After the paint dried, it was time to create the lily pads and flowers. I made crayon shavings by simply cutting up crayons into little shavings or pieces. You can use a cheese grater if you like, but a sharp knife works just fine! (The crayon shavings pictured here are from another piece of work...hence the orange, yellows and reds. For Monet's water lilies, I made shaving from three different green crayons, as well as some pinks, yellows and white.)

Now, using one color at a time, L sprinkled the crayon shavings onto her canvas. We started with the greens for the lily pads, putting the shavings into little piles, and followed it with the pink and white for flowers.

Next is the really fun part...melting the crayons, transforming the artwork! With the oven set to 200 degrees F, I lay the cardboard on a cookie sheet and placed it in the oven for 5 minutes. L loved watching the crayons melt!

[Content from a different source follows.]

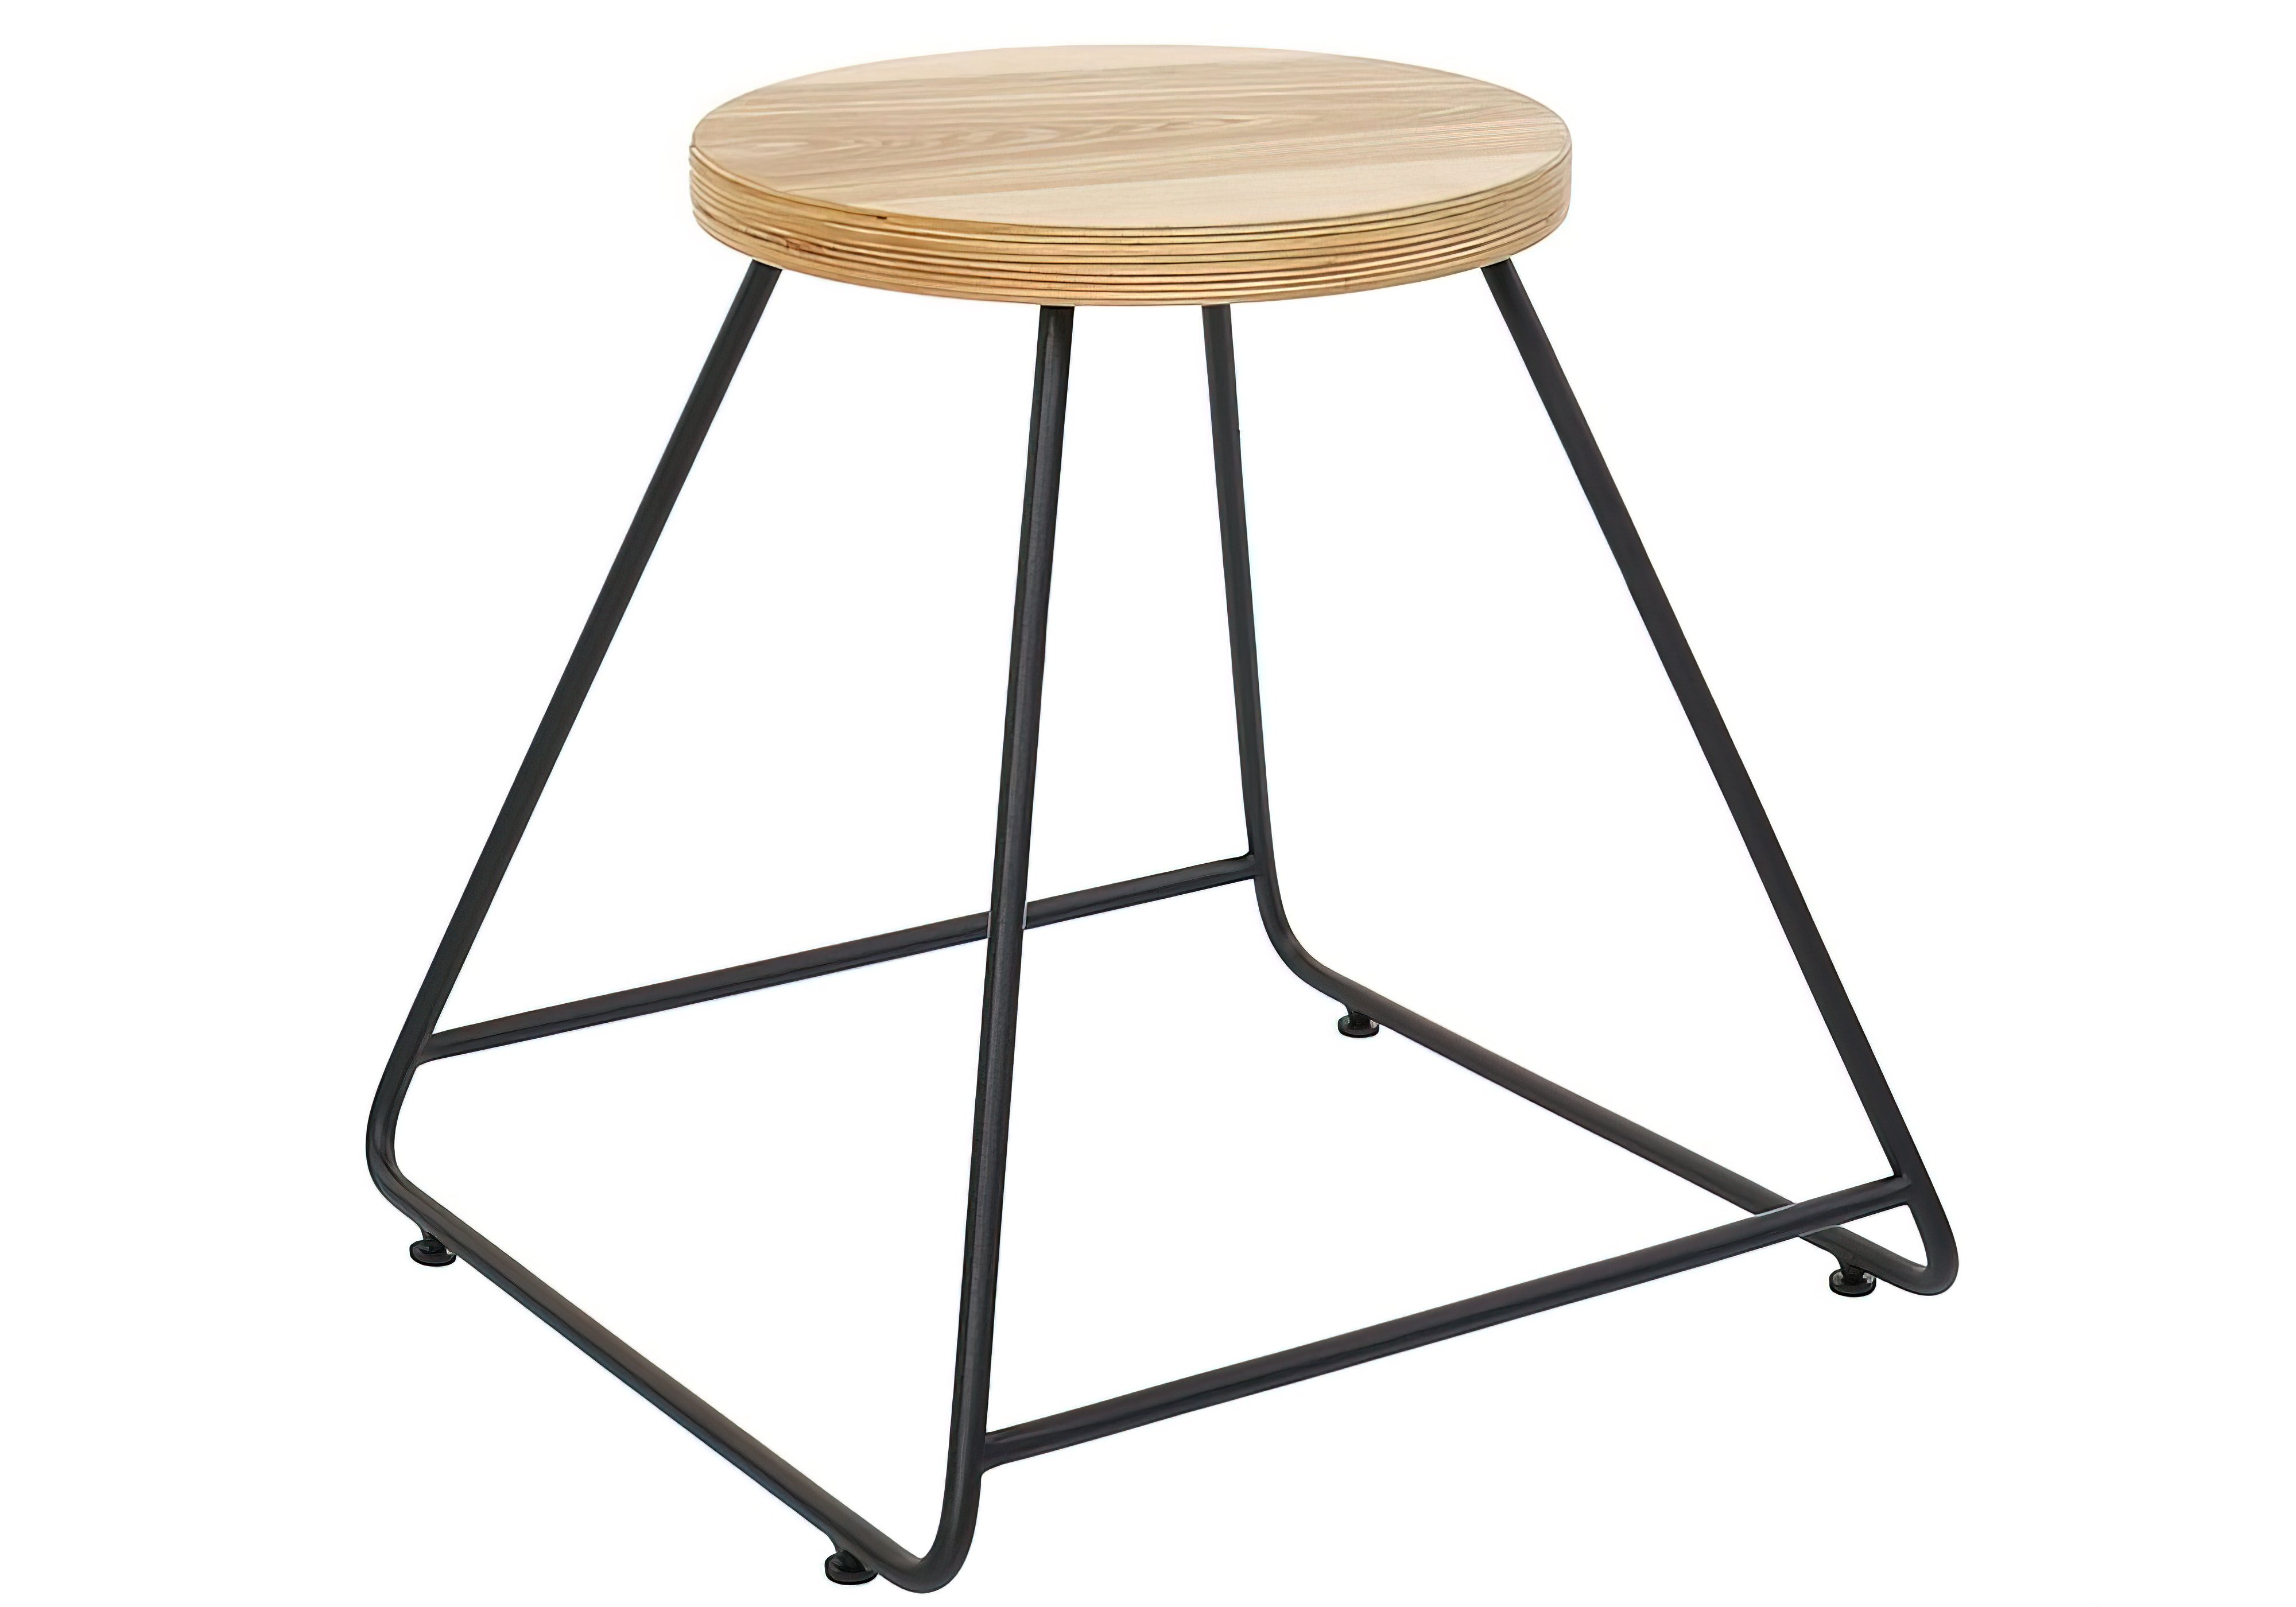 Кухонный стул Simple Hairpinlegs, Тип Обеденный, Высота 45см, Ширина сиденья 32см

Once the shavings were all melted, we removed the artwork from the oven to cool. Be very careful not to tilt or shake the artwork at this point...for the first minute or two before the melted crayon cools, it's very liquid and will drip or move-mix around. After a couple minutes, the crayon is dried and the art ready to show off and display! 

I hope you have as much fun with this one as we did! If you have a favorite impressionist painter, other than Monet, I'm sure the melted-crayon technique would work to mimic their work too! Enjoy!